Advanced Queries

In the link to userDocCombined you have learnt how to access your imaging data using the get() function. However, a BIDS dataset contains a lot of other valuable data and metadata apart from our primary data (e.g. MRI or MEG timeseries). This documentation should show you how to use ancpBIDS to query for the most common files usually contained in a BIDS dataset.

Just to recall, these are the parameters of the get() function:

  1. scope: The BIDS subdirectory to be searched. Can be any of ‘raw’ | ‘derivatives’

  2. entities: Key-value pairs in the filenames are entities defined in BIDS. Examples are ‘sub’ or ‘run’. Use layout.get_entities() to get a list of entities available in the dataset.

  3. suffix: Suffixes define the imaging modality or data type. Examples are ‘bold’ or ‘meg’ but also ‘events’ or ‘participants’

  4. extension: Is the file extensions. Examples are ‘.nii’ or ‘nii.gz’ for MRI, ‘.fif’ for MEG and .tsv for tabular files

  5. return_type: Defines the what get() returns. This can be ‘filename’ or ‘dict’, where ‘dict’ is the default.

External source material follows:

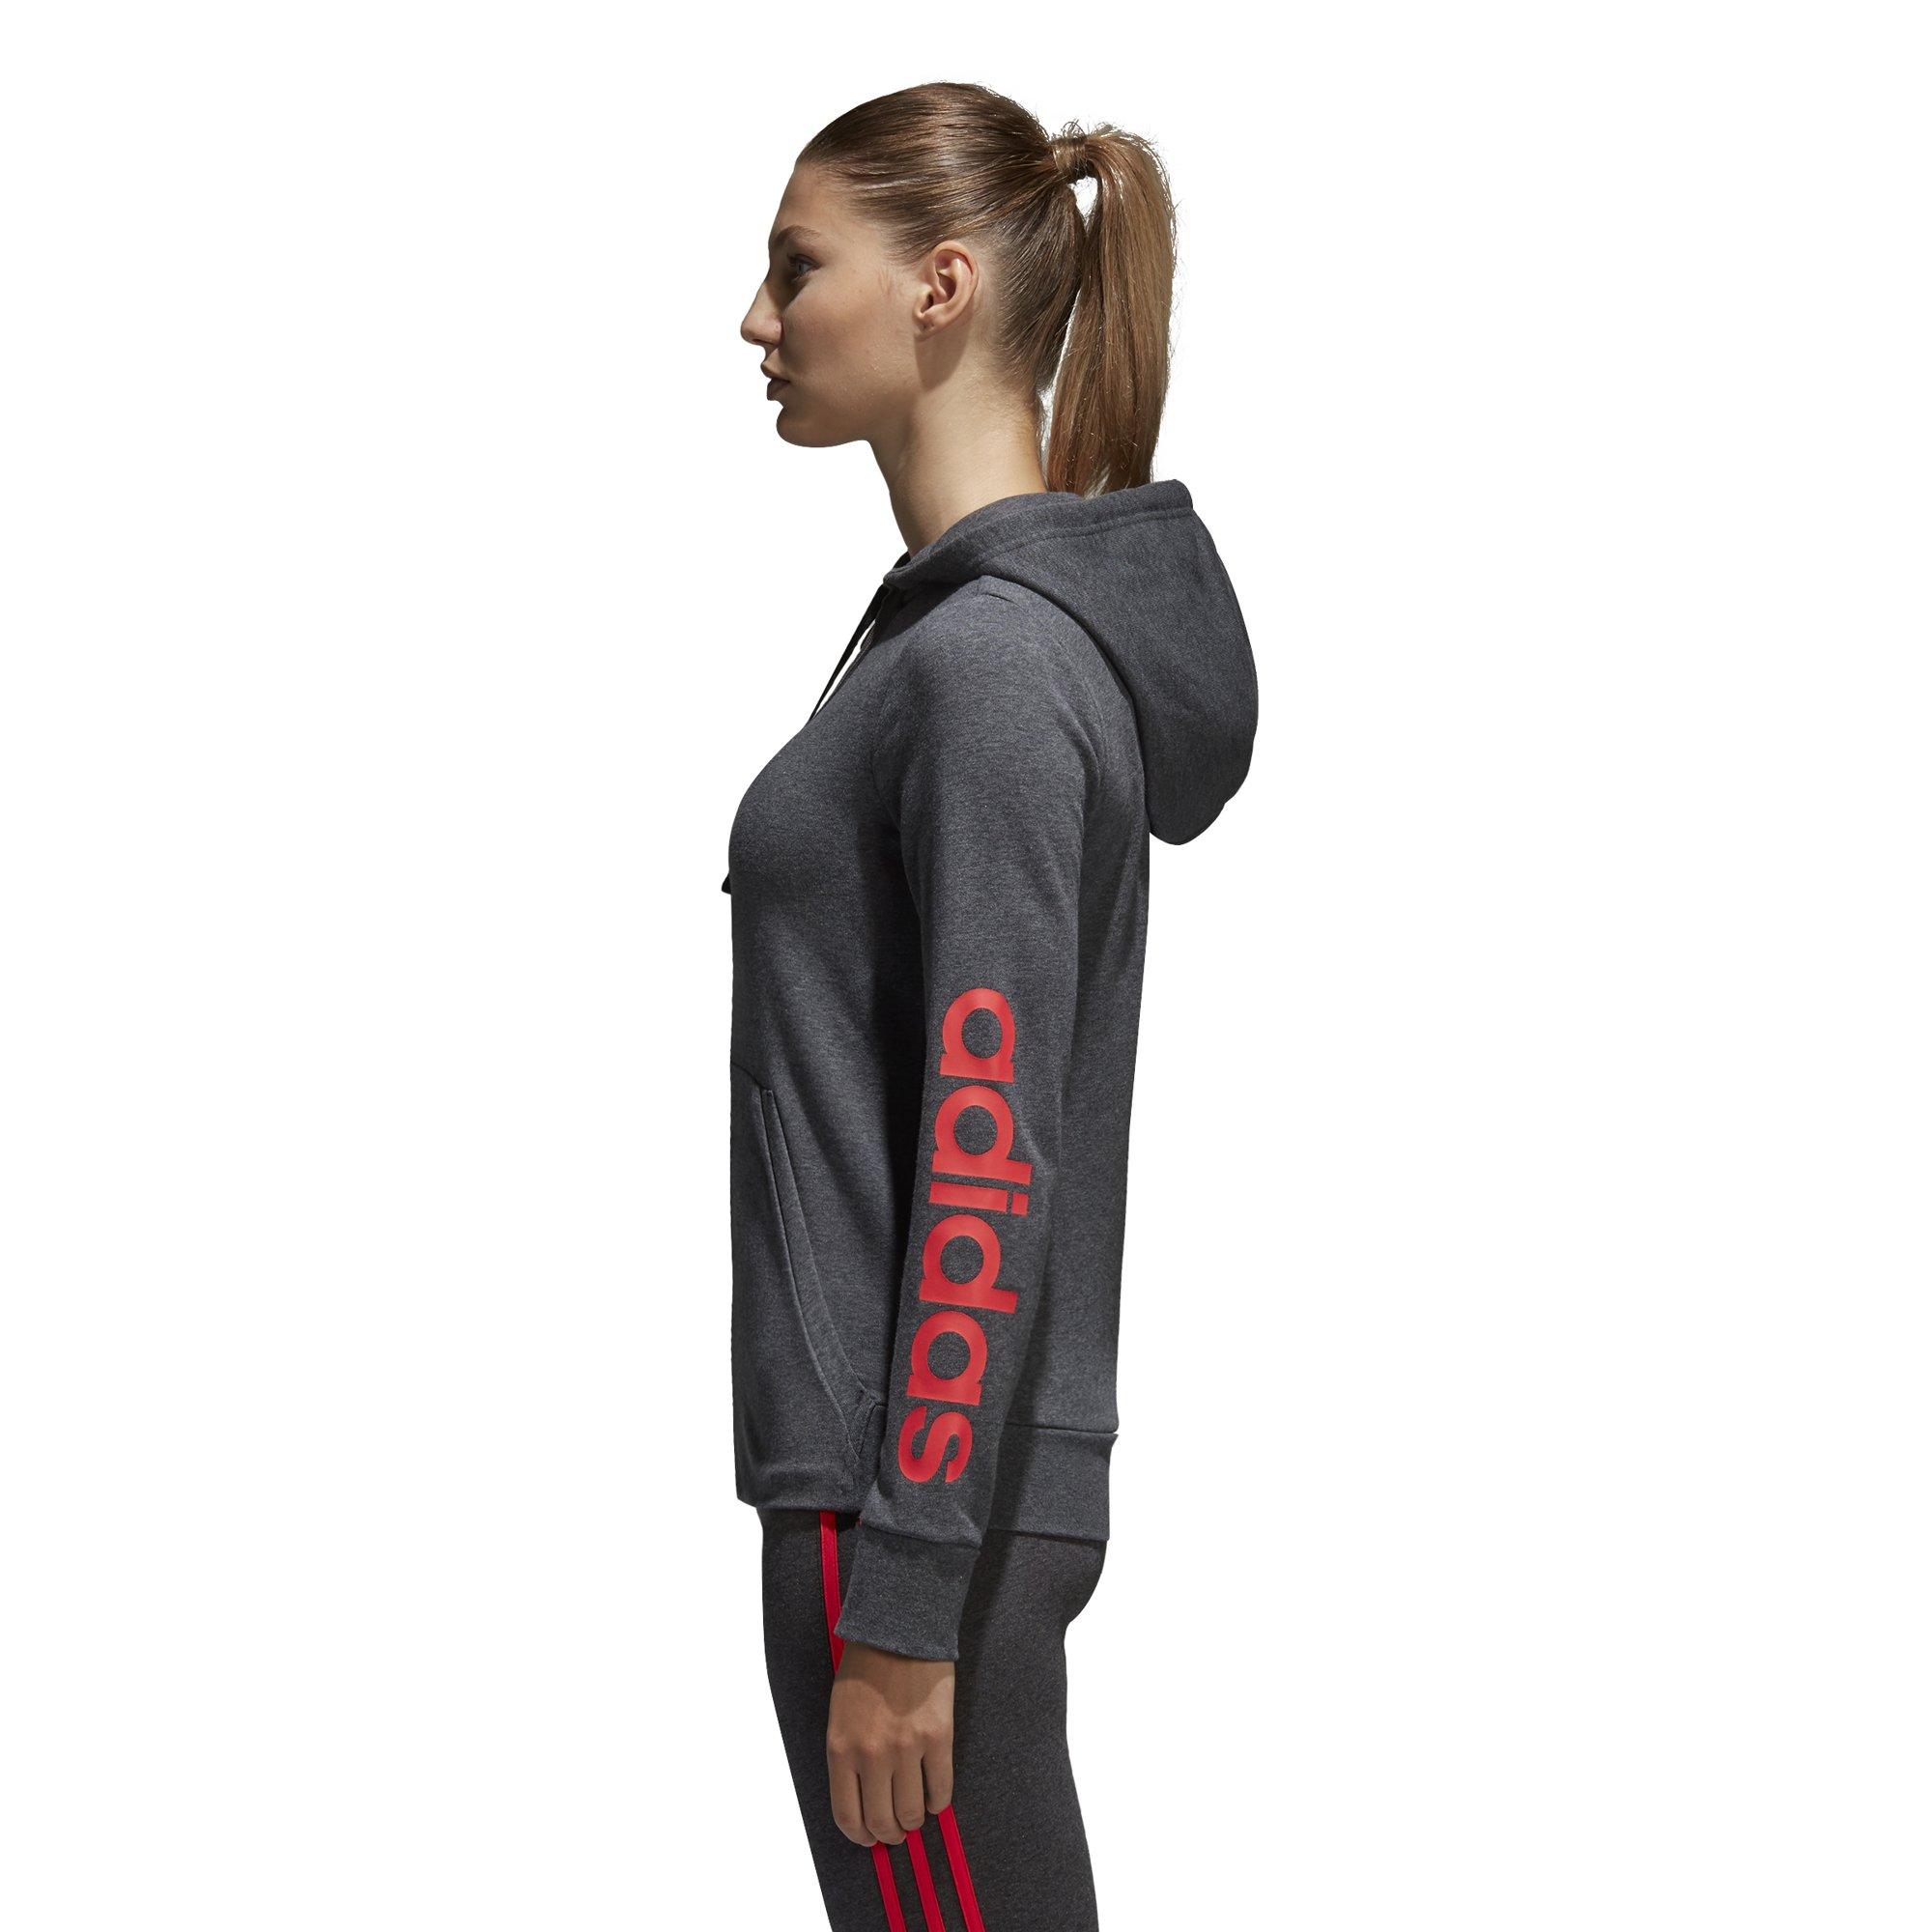 adidas Women's Essentials Linear Full Zip Fleece Hoodie, Dark Grey Heather/Real Coral, X-Small by adidas (Image #3)

We can now systematically manipulate these parameters to narrow down or broaden our queries.

For example, if we want to query for the json metadata files, which contain information about the rawdata we can use the same query that was used for the rawdata…

bold_files = layout.get(scope='raw',
                    return_type='filename',
                    suffix='bold',
                    extension='.nii.gz',
                    sub='03',
                    task='mixedgamblestask',
                    run=["01", "02"])
print(*bold_files, sep='\n')
meg_timeseries_files = layout.get(scope='raw',
                    return_type='filename',
                    suffix='meg',
                    extension='.fif',
                    sub='009',
                    task=['induction','deduction'])
print(*meg_timeseries, sep='\n')

… but set the extension parameter to ‘.json’ instead of ‘.fif’ or ‘.nii.gz’. In general, it is important that you specify the extension since it is BIDS convention that metadata files should have the same name as the file they describe but with the ‘.json’ extension See the example below:

bold_metadata = layout.get(scope='raw',
                    return_type='filename',
                    suffix='bold',
                    extension='.json',
                    sub='03',
                    task='mixedgamblestask',
                    run=["01", "02"])
print(*bold_files, sep='\n')
meg_timeseries_metadata = layout.get(scope='raw',
                    return_type='filename',
                    suffix='meg',
                    extension='.json',
                    sub='009',
                    task=['induction','deduction'])
print(*meg_timeseries, sep='\n')
#Output:
#./
#/Users/*yourUserName*/.ancp-bids/datasets/ds003483/sub-009/ses-1/meg/sub-009_ses-1_task-deduction_run-1_meg.json
#/Users/*yourUserName*/.ancp-bids/datasets/ds003483/sub-009/ses-1/meg/sub-009_ses-1_task-induction_run-1_meg.json

Note, the parameters that you can manipulate strongly depend on the dataset since every entity defined in your data is an parameter of the get() function. Hence the more complex the data the more complex a query could be.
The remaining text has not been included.